Prepare for the handoff together
As models transition from innovative lab experiments to real-world products, data science and IT teams must coordinate on a host of activities, from how to integrate models into downstream systems to monitoring for model drift. Lee Davidson, who leads Morningstar’s Quant Research team and the company’s Head of Technology and Product Analytics, Jeff Hirsch, work closely to ensure their teams “integrate early and often” to productionalize new models. Here are a few steps they take:
Outline project stages, touchpoints, and ways of working together from the outset. At Morningstar, the teams track projects against five stages:
Launch and maintain
The Quant team regularly updates IT as projects move through each stage to keep them apprised of progress. At the development phase, when active IT support is needed, the Quant team shifts from its more open-ended, research-oriented processes to an agile approach used by the IT team.

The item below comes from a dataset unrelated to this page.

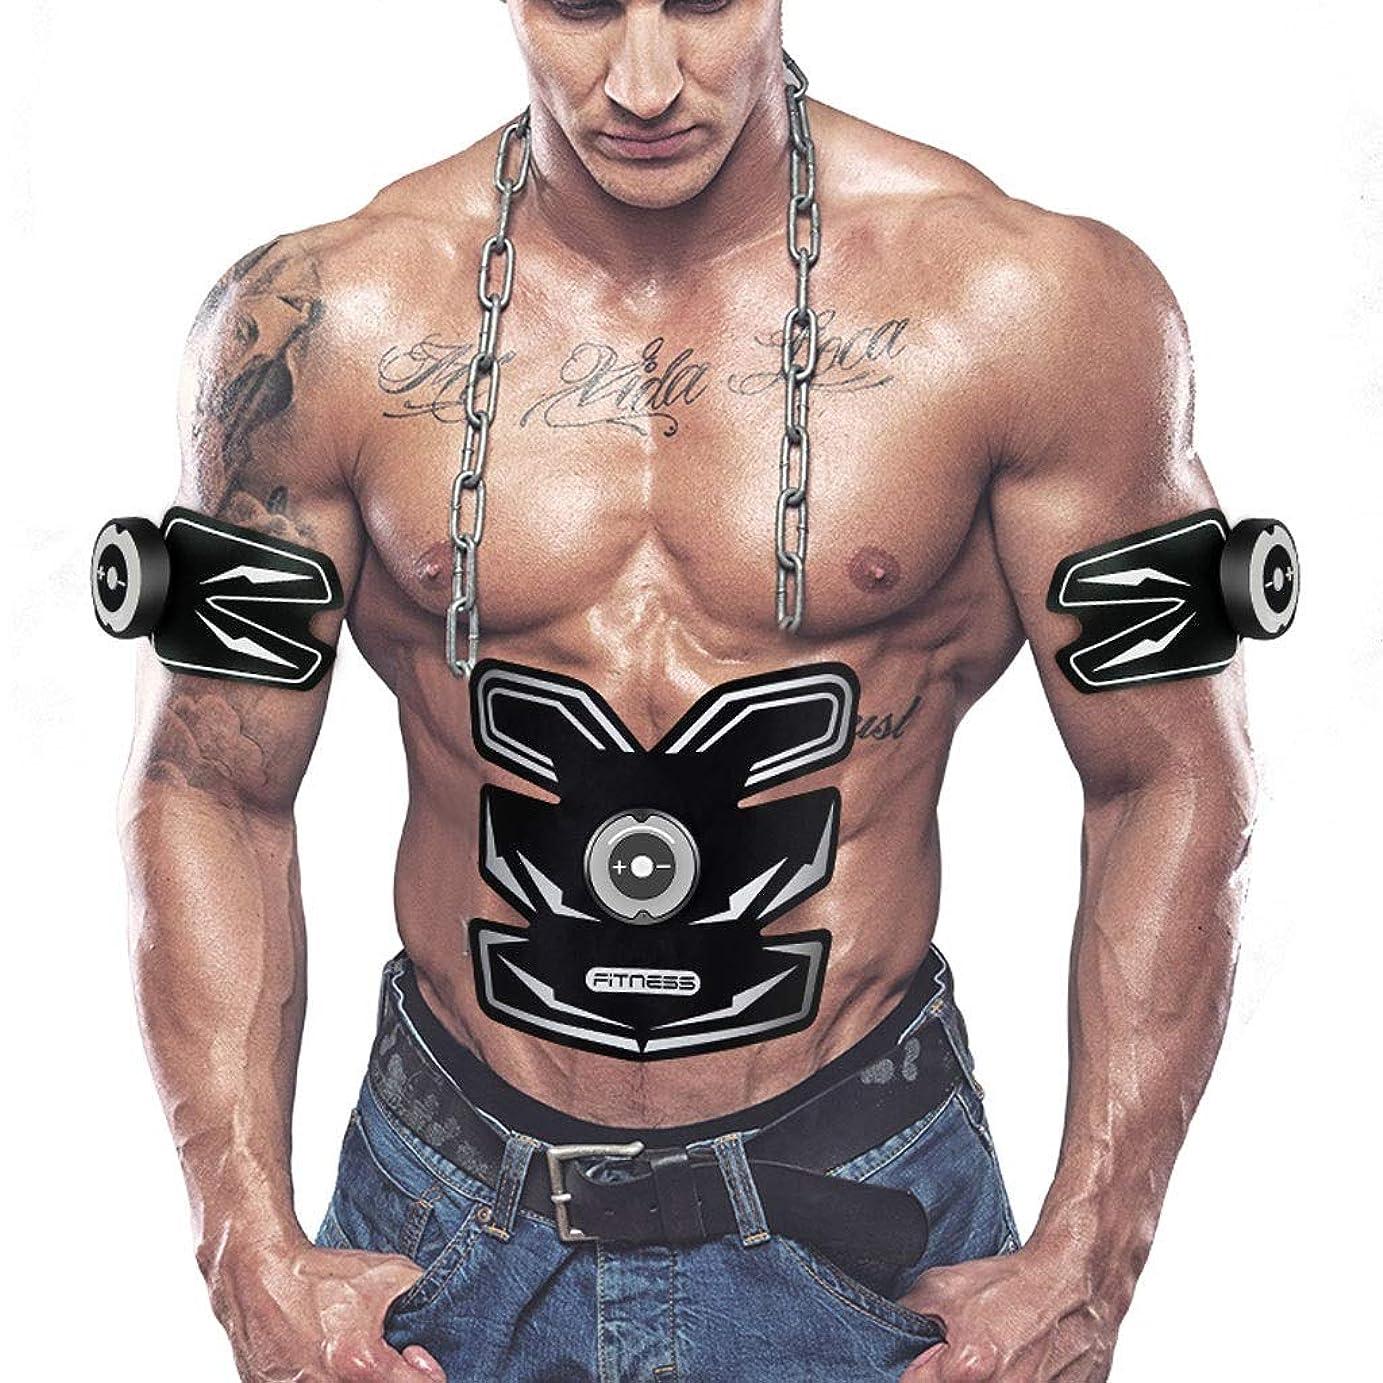 Absのトレーナーの適性の訓練ギヤ、リモート?コントロールのEMS筋肉刺激装置 - 人及び女性のためのUSBの再充電可能な最終的な腹部刺激装置筋肉トナー (Color : White)

Sketch out how the handoff will work. For example, will researchers be responsible for delivering production-level and thoroughly tested code, or will they only need to provide a prototype? What processes will be required to help those who didn’t build a model maintain model performance over time? “Several years ago, we did this mostly by the seat of our pants, and there were some challenges and pressure as a result,” said Davidson. “We’re getting more clarity on these now.”
Create a checklist of activities required during the handoff, such as performing QA testing or sharing Jupyter notebooks, and ensuring staff members have the skills to work closely together. “There’s a gray area where the handoff happens,” Hirsch said. “Both teams need to move more toward the middle: The IT org needs to ensure its QA staff can interpret the results of Jupyter notebooks, for example, while data scientists need to learn some of the skills of IT engineers.”
There are a lot of moving parts on the journey to becoming model-driven. As these data science and technology leaders are finding, taking time to improve communications, discuss challenges, and clarify responsibilities can pay off handsomely in reducing friction and helping them more rapidly and efficiently achieve their goals.